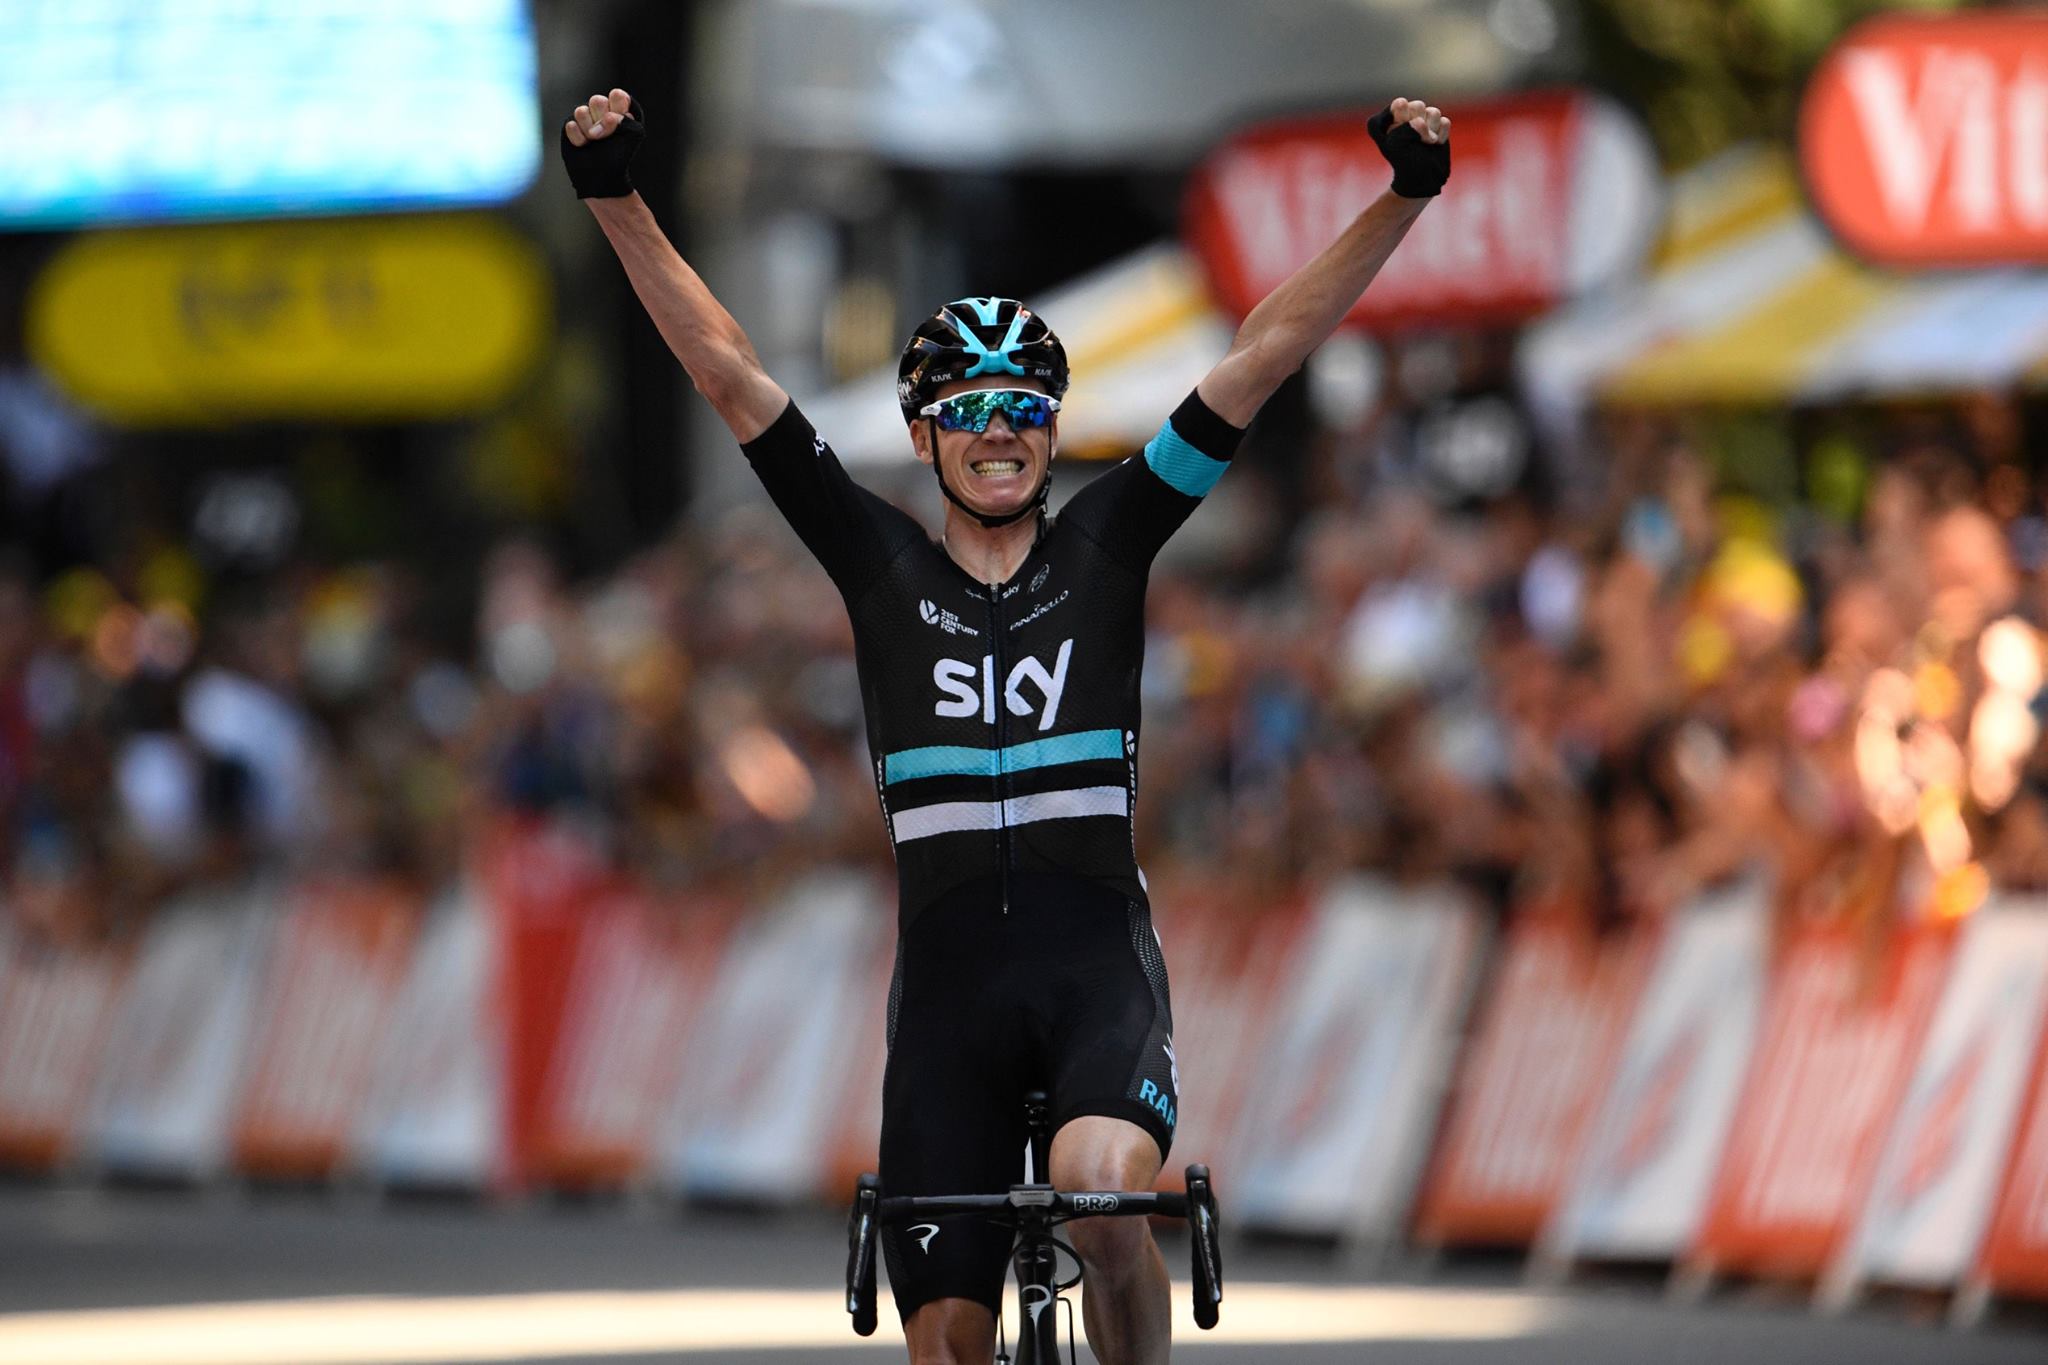 Froome win tdf
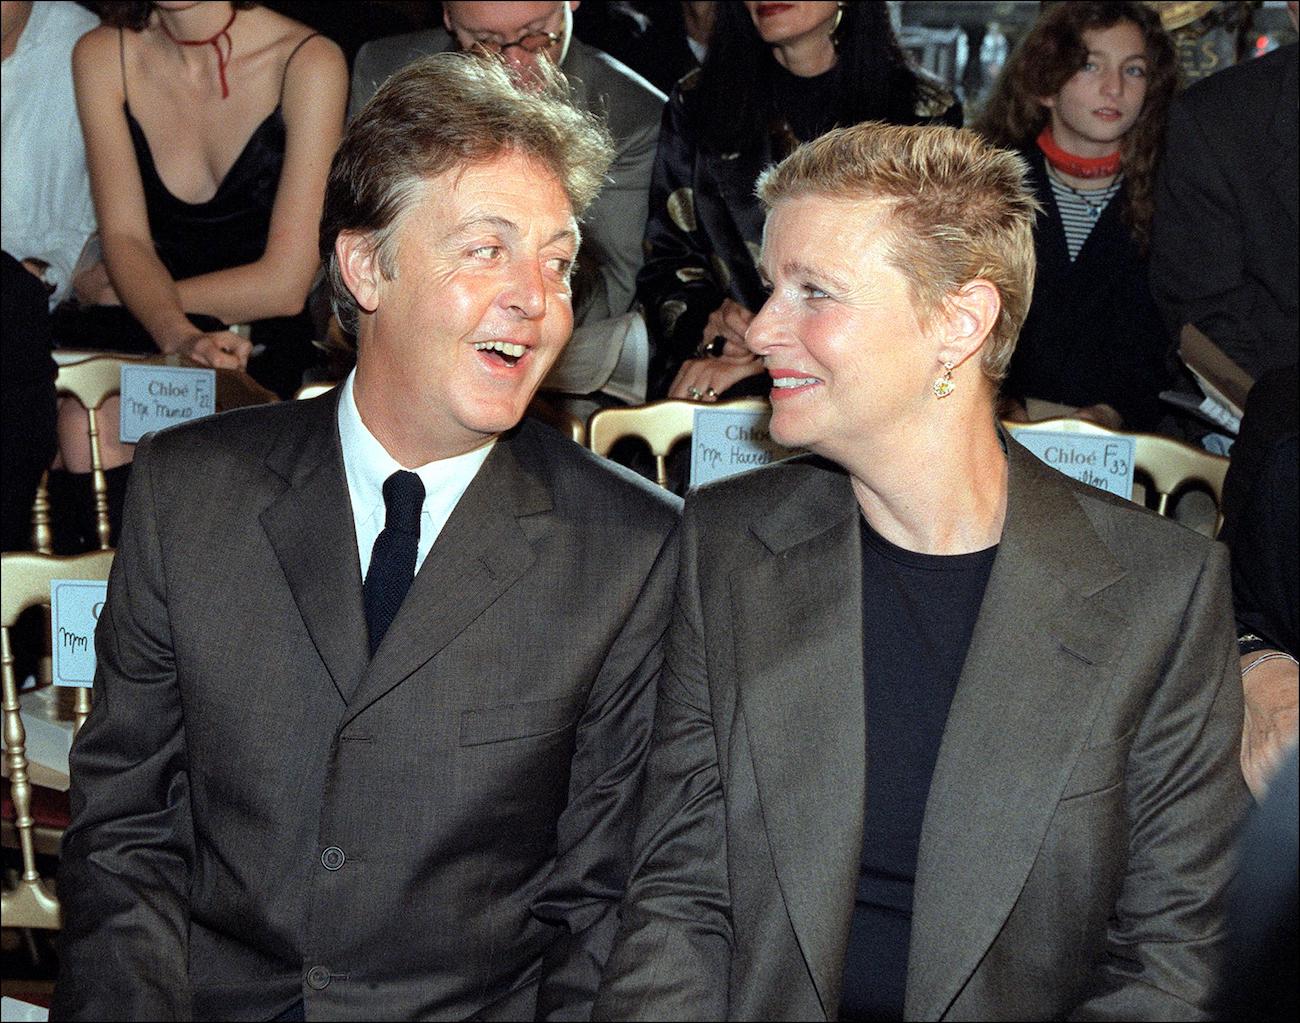 Paul McCartney and his wife Linda McCartney wearing suits at their daughter, Stella's fashion show in 1998.
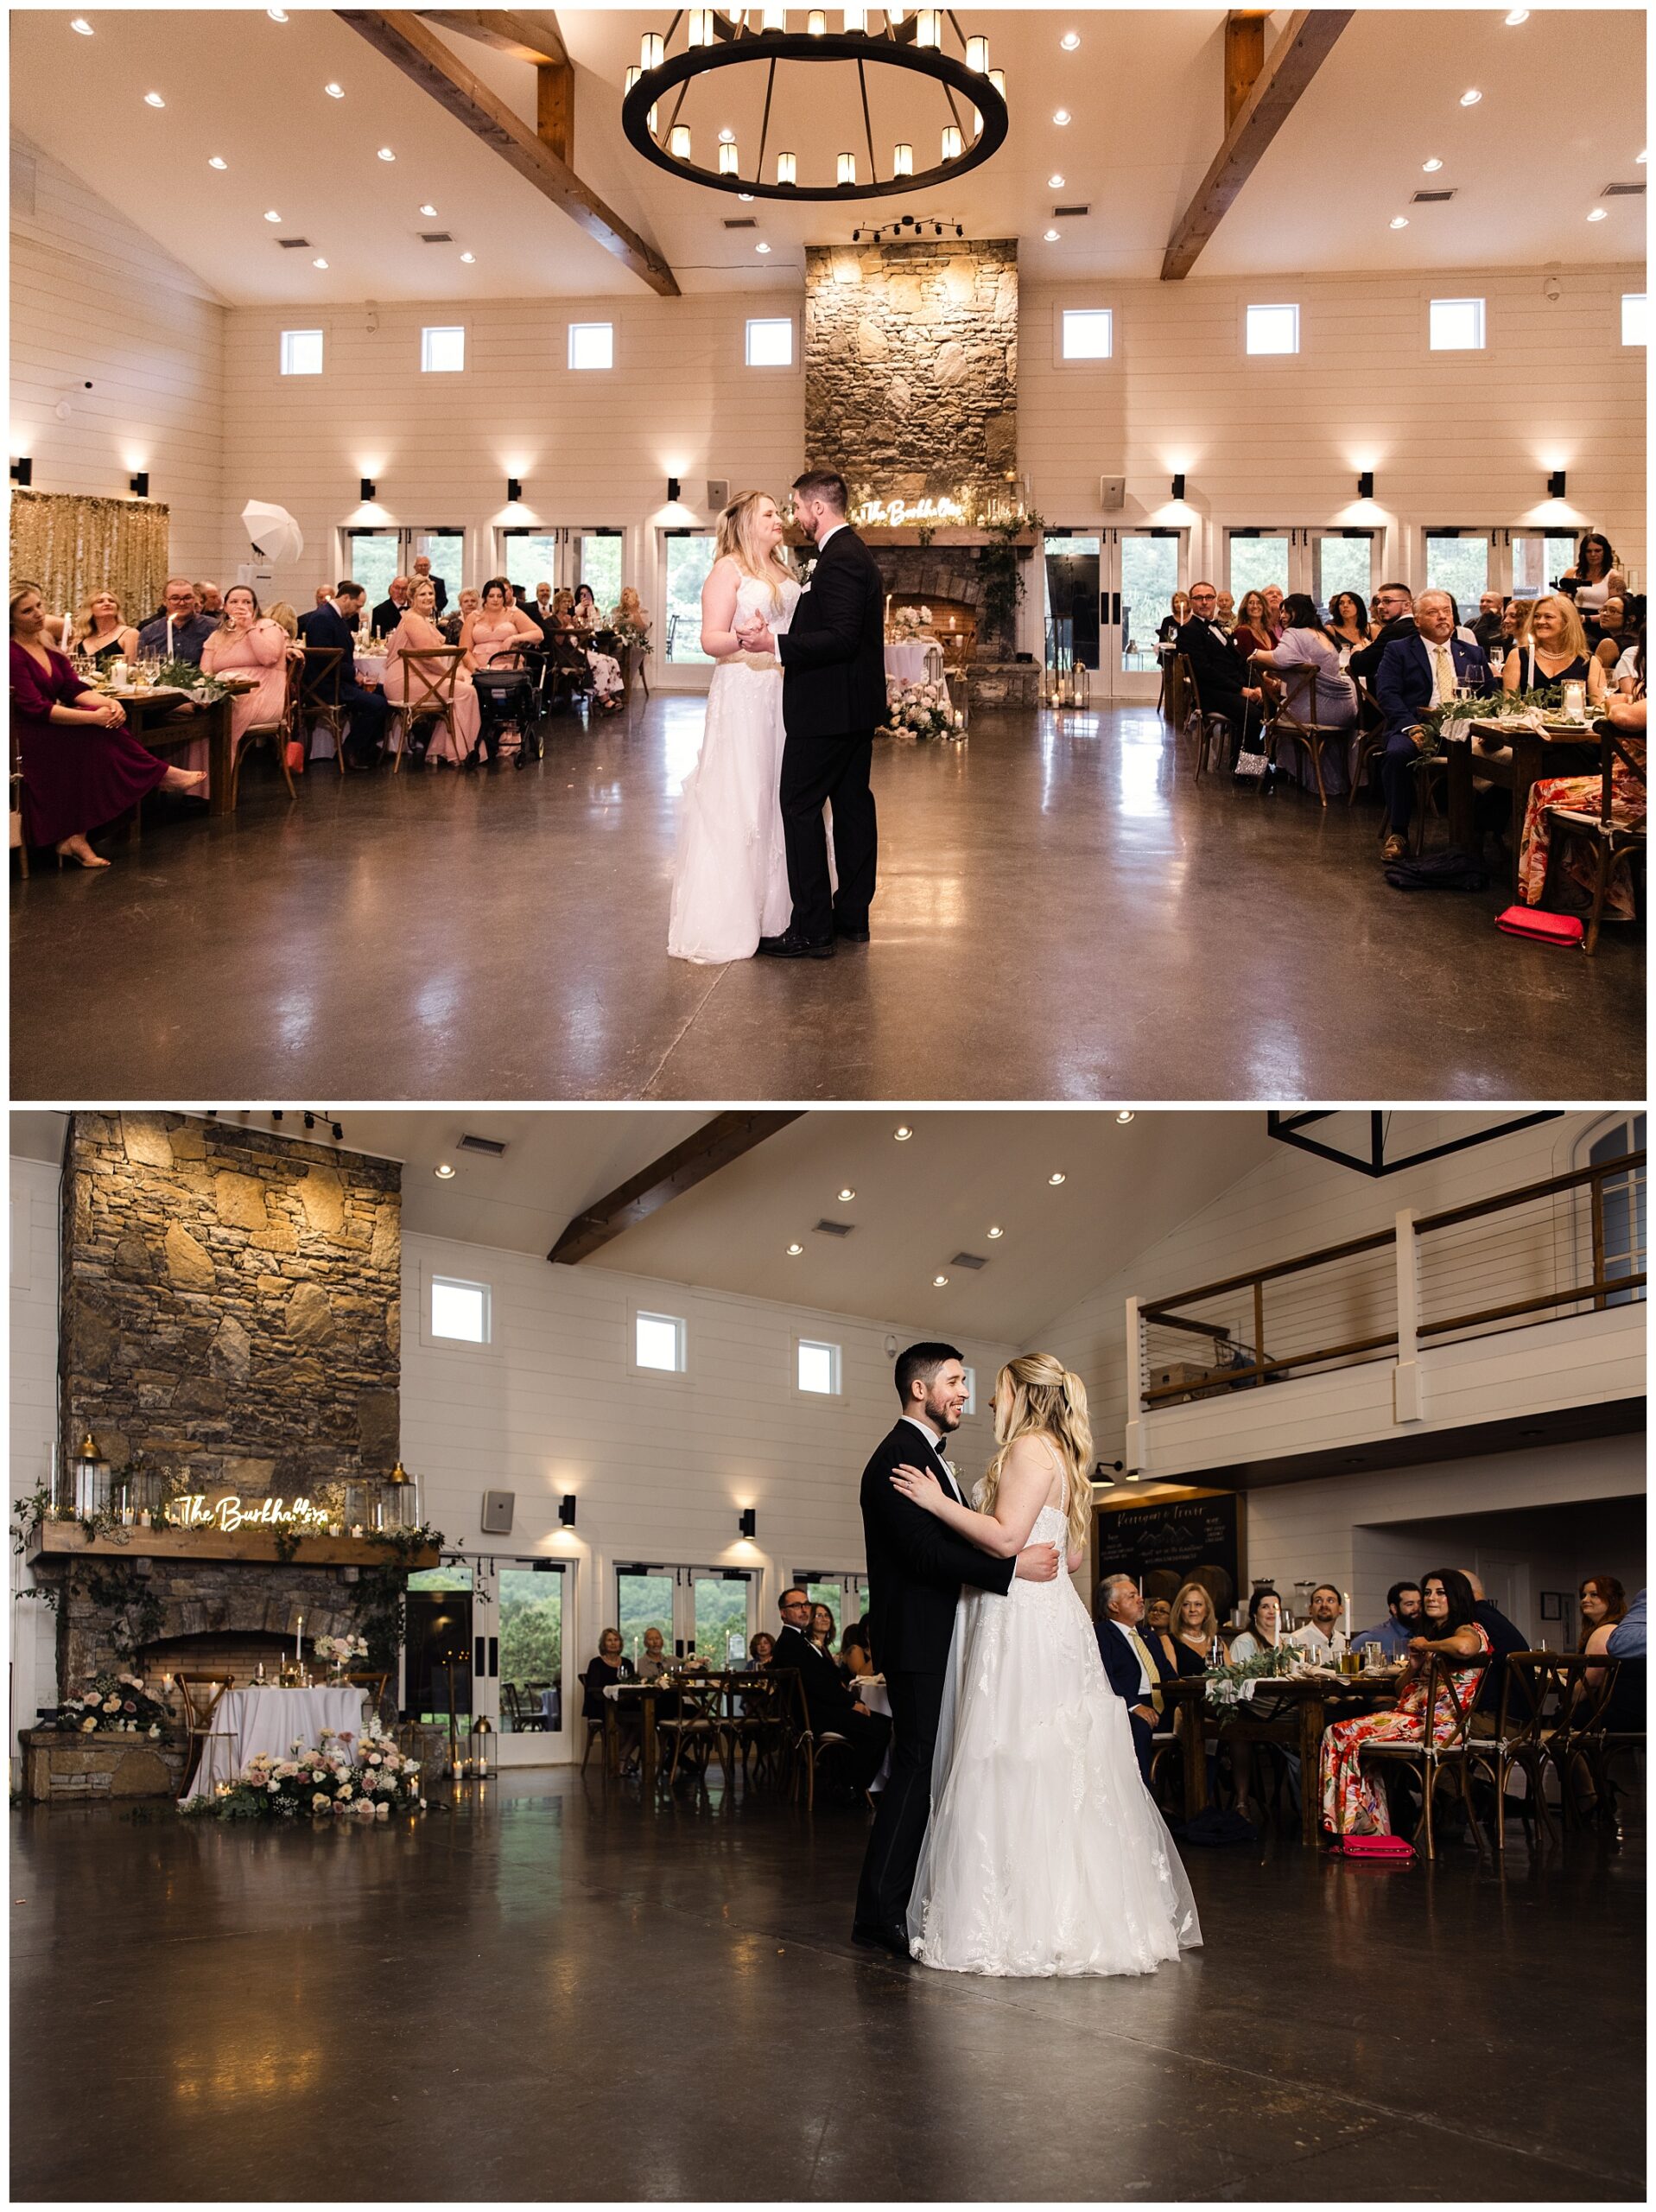 Bride and groom sharing a first dance in a hall filled with seated guests at Chestnut Ridge, under a large circular chandelier and in front of a stone fireplace.

TASK DESCRIPTION:
Set the whole listing down again unchanged, apart from the pictures, which are omitted.

YOUR SOLUTION:
 Froome win tdf
 Paul McCartney and his wife Linda McCartney wearing suits at their daughter, Stella's fashion show in 1998.
 Bride and groom sharing a first dance in a hall filled with seated guests at Chestnut Ridge, under a large circular chandelier and in front of a stone fireplace.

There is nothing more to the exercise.